# CL...What Next?



## Froggy (Feb 27, 2011)

So...I had a thread earlier for one of my does. The vet came out this morning and said that yes, it is CL, and that she has another lump forming, and that she's practically ''a ticking bomb''...his advice? Cull her. (She is 120-133days pregnant)
And then, he checked out my wether that was losing weight. He took a blood sample so he can tested for Johnes. If it's Johnes, my wether is going to die. If it's something else, (the vet suggested a kidney infection or something similar), he might survive. 
Now I know that one of my other does ALSO has CL. She's pregnant and due in the next 10days. I don't know about my other two does...but chances are they have it too. 

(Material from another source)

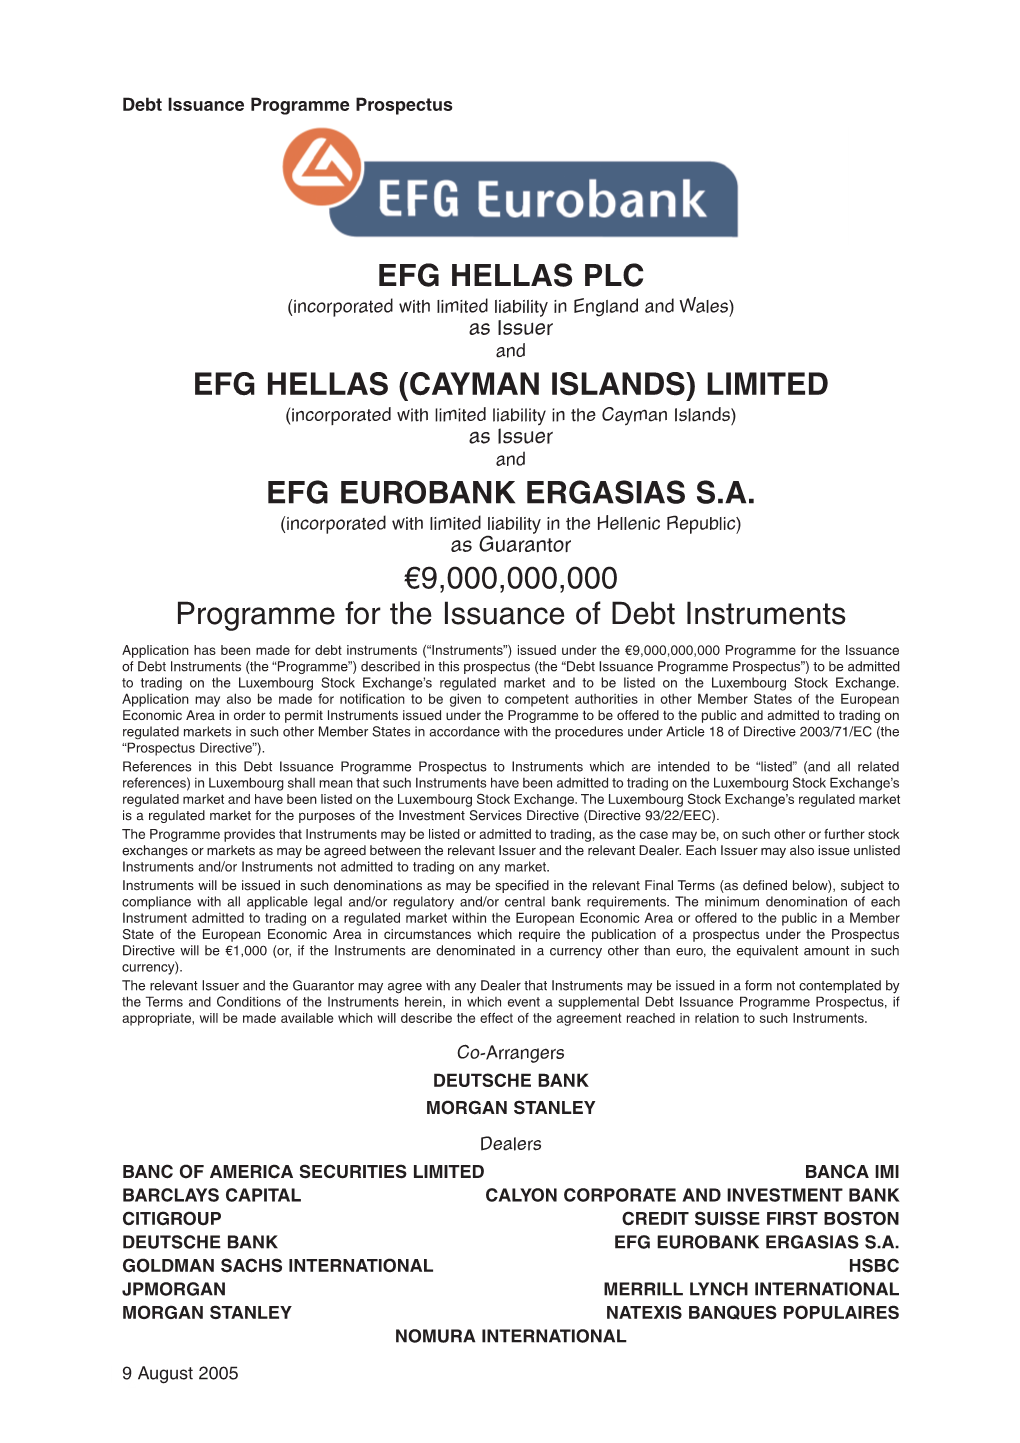 CAYMAN ISLANDS) LIMITED (Incorporated with Limited Liability in the Cayman Islands) As Issuer and EFG EUROBANK ERGASIAS S.A

He said that the babies won't have it unless they nurse...is it worth pulling the kids?

I am completely crushed. 
 :sigh: :veryangry: :GAAH: :tears: :tear: :mecry:


----------



## Timothy Hay (Feb 12, 2011)

Ok I know how you feel we have been dealing with this for 3 years I think.. we got it when we took a goat to be bred that one ended up dying because she wasn't very healthy any ways then 3 of our pygmy wethers got it and all three of those we put down, since then we have had several other goats that have had abscess and one of those doe's had a kid and the kid is fine and hasn't had problems... 

there is a vaccination that you can give them it is made for sheep but we give it to our goats..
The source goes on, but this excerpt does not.